“No, Mom! I do it!”

That quote was one of my son’s favorite phrases when he was a toddler. He usually wanted me to stop helping him get dressed, climb a ladder, or get a game out. He sometimes wanted me to stop singing along to a song on the radio; in that case, the phrase would change to “No, Mom! She do it!” He never appreciated my dulcet tones, I guess. 😉

I have noticed over the years that I do have a tendency to insert myself too much into my kids’ lives. I don’t have much patience, so it’s difficult for me to watch young fingers struggle to cut out a shape without just grabbing the scissors and saying, “Here. Let me help.” Some parents are great at letting their kids figure it out, watching kids struggle in the kitchen as they place the flour in the measuring cup, spilling half of it on the floor in the process. I aim to be more like those moms all the time. Sometimes, I even succeed.

This idea of Parental Help came home to me after a weekend spent at a Destination Imagination competition. Here’s a lovely photo of my daughter’s improvisation team. I’m their Team Manager.


Destination Imagination has a strict No Interference policy for teams. Here’s an example of how the No Interference rule woks (from the New Hampshire DI site):

If someone not on the team, including a Team Manager, builds or creates an item using the team’s idea, they may not use that item. The team must start over and build it themselves in their own way. If someone not on the team, such as a Team Manager or a parent, tells the team how to do something, whether they are building something new or just practicing their Presentation, the team must politely tell that person to let them do it themselves.

I’m sure you can imagine how hard it is for adults to zip their lips and let the kids find a solution for themselves. I’ve heard of Team Managers who had to take a walk around the building to avoid telling a team that a particular method of assembling expensive materials was not only not going to work, it was going to destroy said expensive materials.

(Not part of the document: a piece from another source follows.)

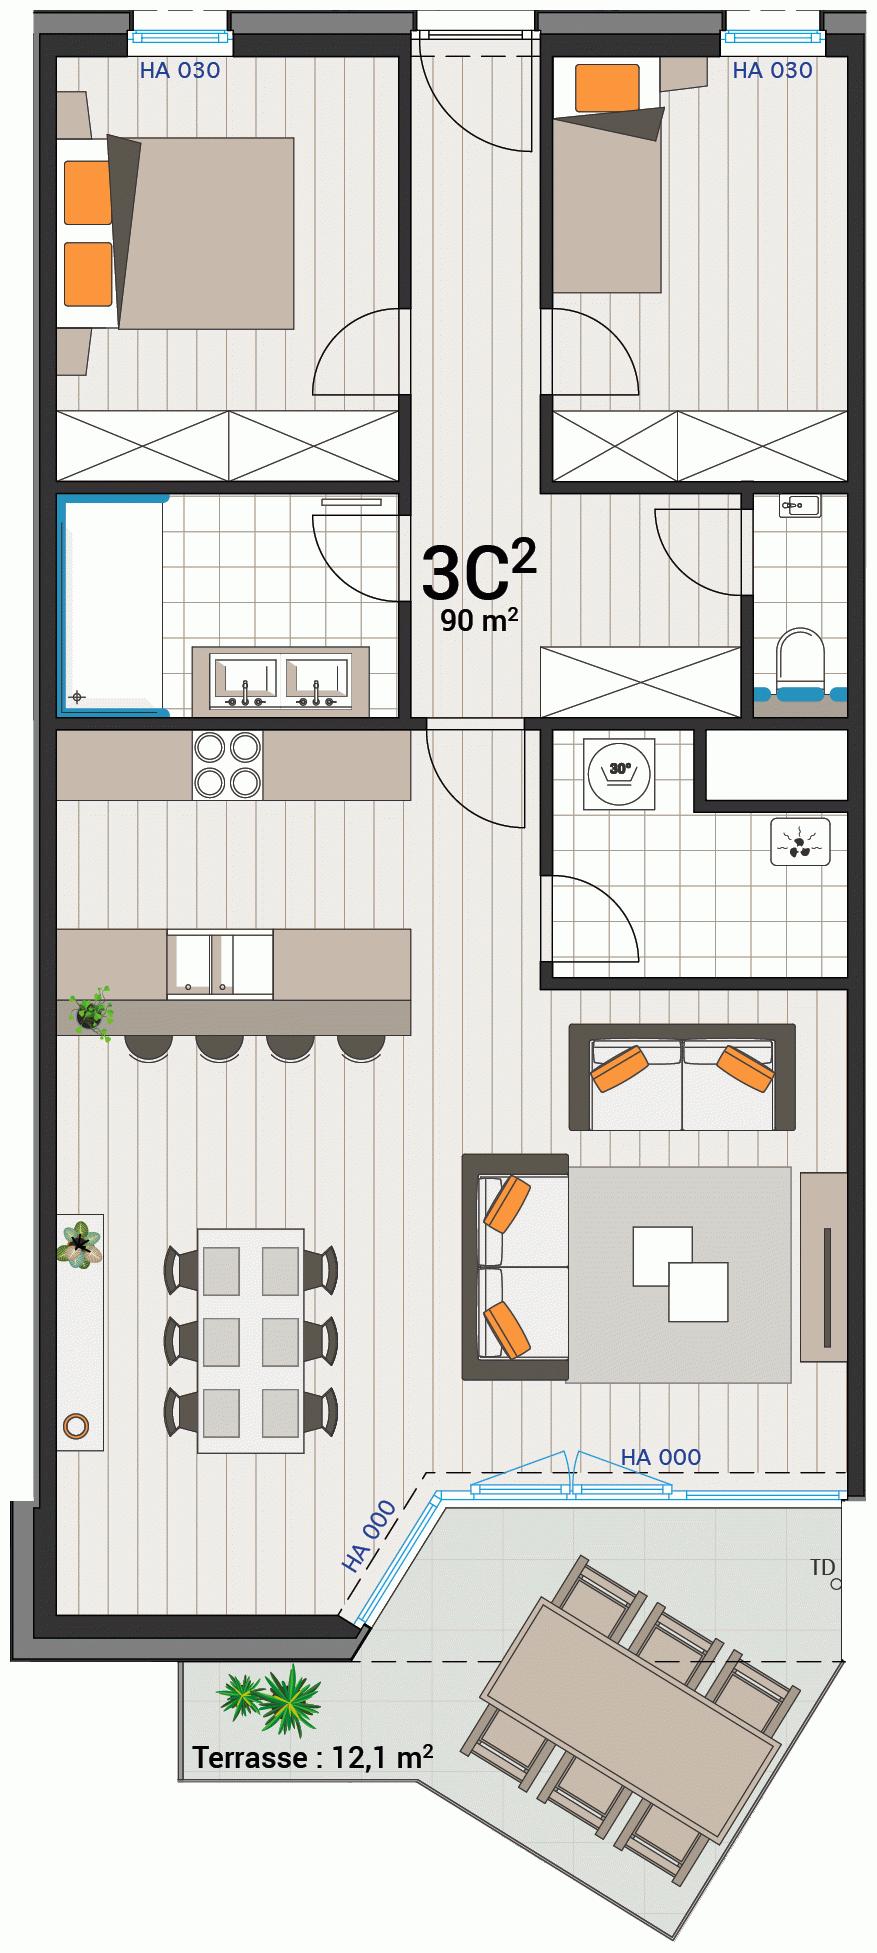 Appartement 3C

No Interference.

What if we parents exhibited a bit more of the “zip your lip” approach to our kids and their projects? What would the school’s science fair look like if parents really didn’t do 95% of the projects for kids? What would the robotics competition look like if there were no “Daddybots” (the ones built by dads on a team of young beginners who obviously lack the skills necessary to create these work-of-art machines)? What would happen if we – gasp – let our kids make their own costumes for History Day?

I suspect that if we embraced the No Interference rule with our kids, there would be a lot of train wreck projects showing up in schools. Ha. But I think if we became Lip Zippers, we would go a long way towards minimizing that achievement gap everyone’s always so worried about. Our kids don’t need more papers and tougher tests. They need to inhabit the world of “Let’s figure this thing out.”